Right. The idea behind modern atheism is that the universe is a creation of chance. ID breaks that pillar. Technically, you can still be an atheist and believe in ID though.
BTW, we already have a non-supernatural designer for life, Natural Selection.
So, via the designer of natural selection, how did the bacterial flagellum come about?
"The idea behind modern atheism is that the universe is a creation of chance."
Oops. Wrong. That's not the idea at all. It's all very orderly, and follows the natural laws. There's no chance involved in the big things, and what seems like chance in the small things isn't, really.
That cosmic ray that whacked one of the genes of some one-celled creature was just random. What happened after that followed the laws of nature. And so it goes.
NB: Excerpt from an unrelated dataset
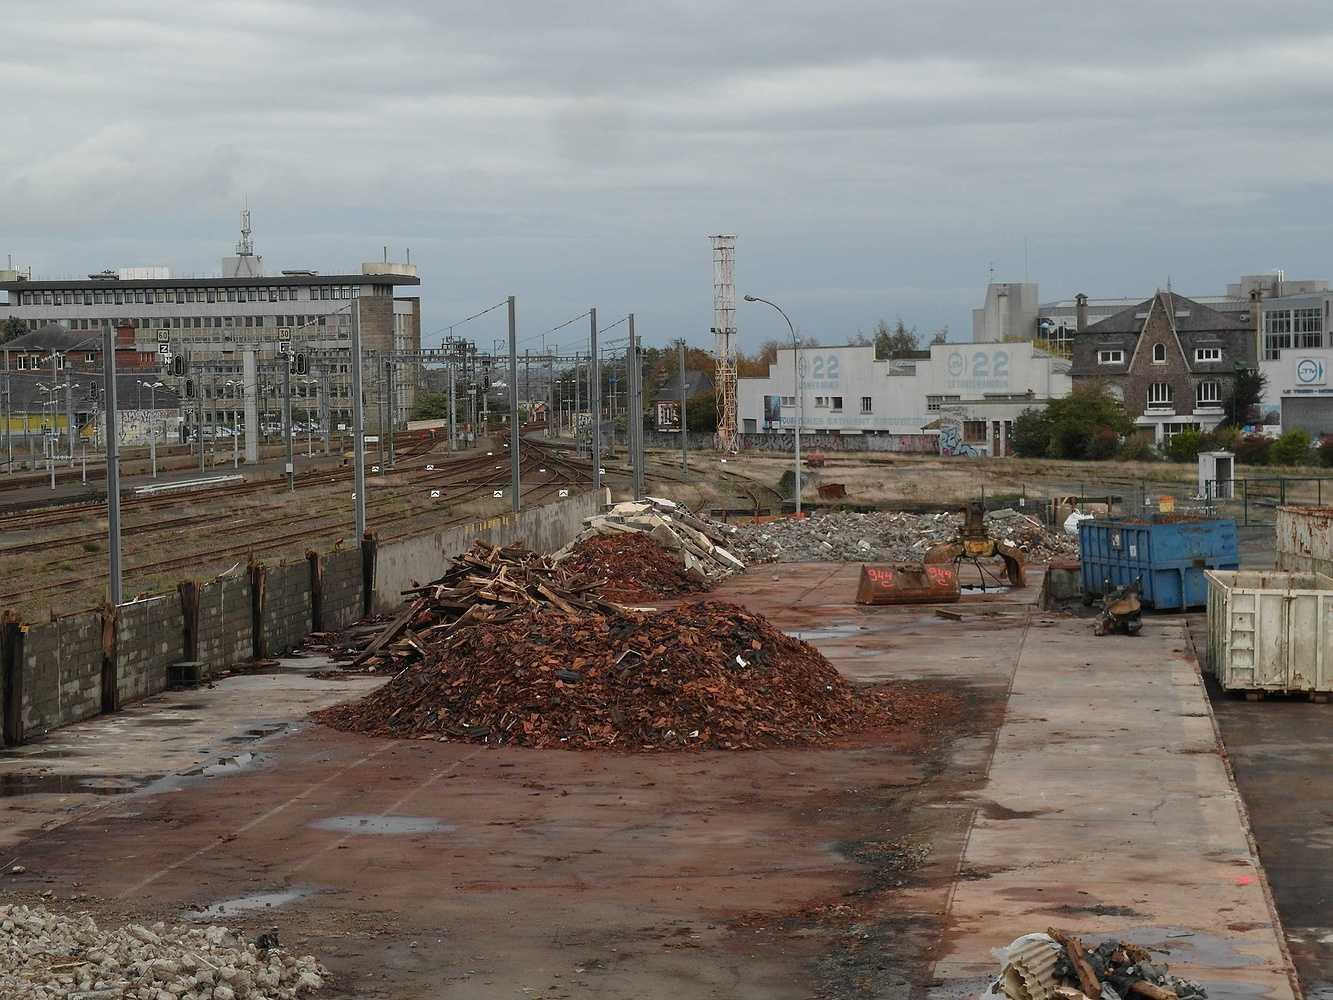 Les travaux continuent sud gare 2014 sam5144

We just don't understand all of it yet.
Abstract: The bacterial flagellum is a complex molecular system with multiple components required for functional motility. Such systems are sometimes proposed as puzzles for evolutionary theory on the assumption that selection would have no function to act on until all components are in place. Previous work (Thornhill and Ussery, 2000, A classification of possible routes of Darwinian evolution. J Theor Biol. 203 (2), 111-116) has outlined the general pathways by which Darwinian mechanisms can produce multi-component systems. However, published attempts to explain flagellar origins suffer from vagueness and are inconsistent with recent discoveries and the constraints imposed by Brownian motion. A new model is proposed based on two major arguments. First, analysis of dispersal at low Reynolds numbers indicates that even very crude motility can be beneficial for large bacteria. Second, homologies between flagellar and nonflagellar proteins suggest ancestral systems with functions other than motility. The model consists of six major stages: export apparatus, secretion system, adhesion system, pilus, undirected motility, and taxis-enabled motility. The selectability of each stage is documented using analogies with present-day systems. Conclusions include: (1) There is a strong possibility, previously unrecognized, of further homologies between the type III export apparatus and F1F0-ATP synthetase. (2) Much of the flagellum’s complexity evolved after crude motility was in place, via internal gene duplications and subfunctionalization. (3) Only one major system-level change of function, and four minor shifts of function, need be invoked to explain the origin of the flagellum; this involves five subsystem-level cooption events. (4) The transition between each stage is bridgeable by the evolution of a single new binding site, coupling two pre-existing subsystems, followed by coevolutionary optimization of components. Therefore, like the eye contemplated by Darwin, careful analysis shows that there are no major obstacles to gradual evolution of the flagellum.